D. Exclusions from Clawback. This Article does not apply to restatements that
the Audit Committee determines (1) are required or permitted under generally
accepted accounting principles (“GAAP”) in connection with the adoption or
implementation of a new accounting standard or (2) are caused due to the
Company’s decision to change its accounting practice as permitted under GAAP.

VI. Change in Control

Upon the occurrence of a Change in Control (as such term is defined in the ISP),
each unvested Performance Share Unit which is outstanding immediately prior to
the Change in Control shall immediately become vested in an amount equal to the
sum of (1) the Annual Tranche times the Payout Percentage for each Year in the
Award Cycle prior to the Change in Control, if any, that has been completed for
at least 90 days and (2) the sum of each Annual Tranche for all other Years in
the Award Cycle.

VII. Section 409A Compliance.

Anything in the ISP or this Schedule to the contrary notwithstanding, no
distribution of Performance Share Units may be made unless in compliance with
Section 409A of the Code or any successor thereto. In addition, distributions to
“Specified Employee” as defined in Treas. Reg.
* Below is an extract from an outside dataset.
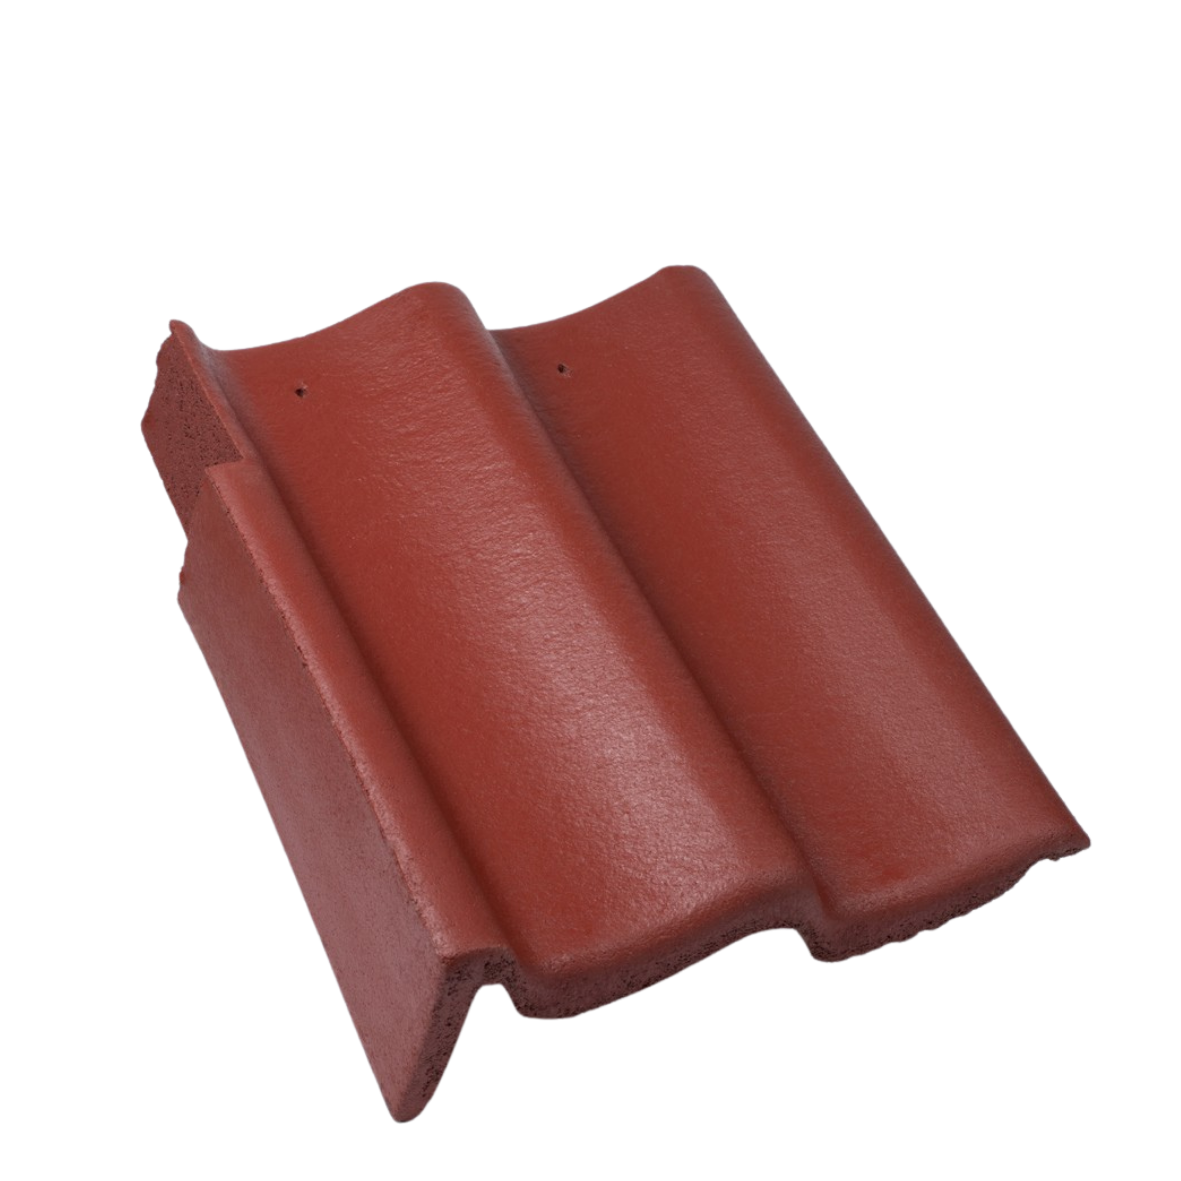 Tigla beton si accesorii - Tigla laterala de stanga Nova rosu coral 420 x 330 mm, maxbau.ro
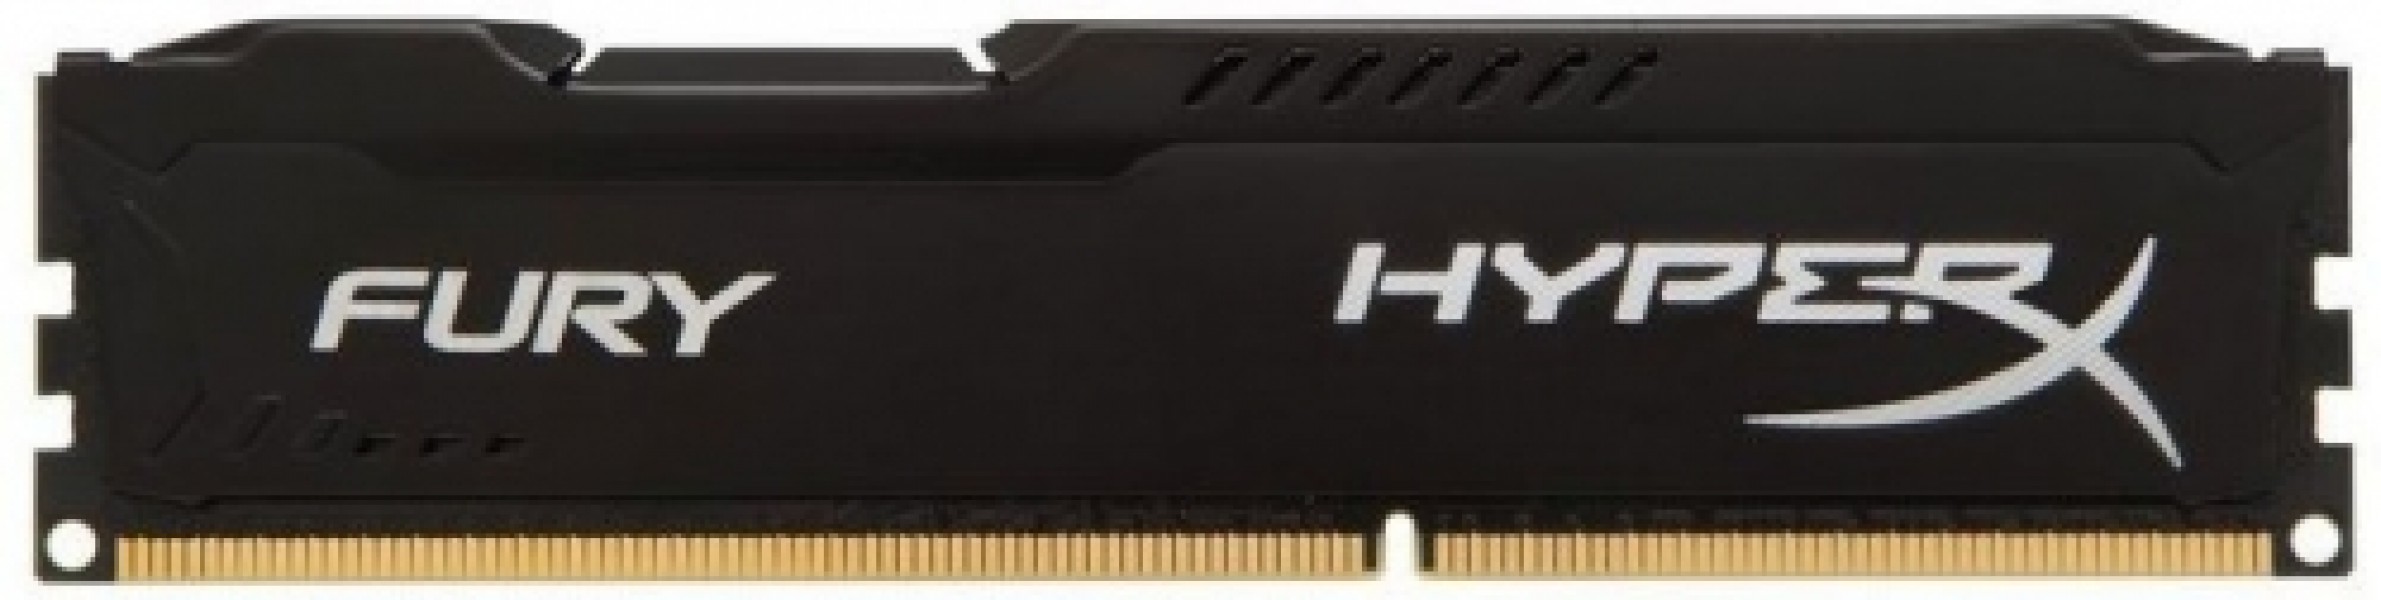 Kingston 8GB 1866MHz DDR3 CL10 DIMM HyperX Fury Black Series

Sec. 1.409A-1(i) or any successor
thereto, to the extent required by Section 409A of the Code, distributions, if
any, made due to a separation from service (as defined in Section 409A) will be
made as soon as administratively feasible after the first day of the sixth month
following the separation from service, in the same form as they would have been
made had this restriction not applied; provided further, that no dividend or
dividend equivalents will be paid, accrued or accumulated in respect of the
period during which distribution was suspended.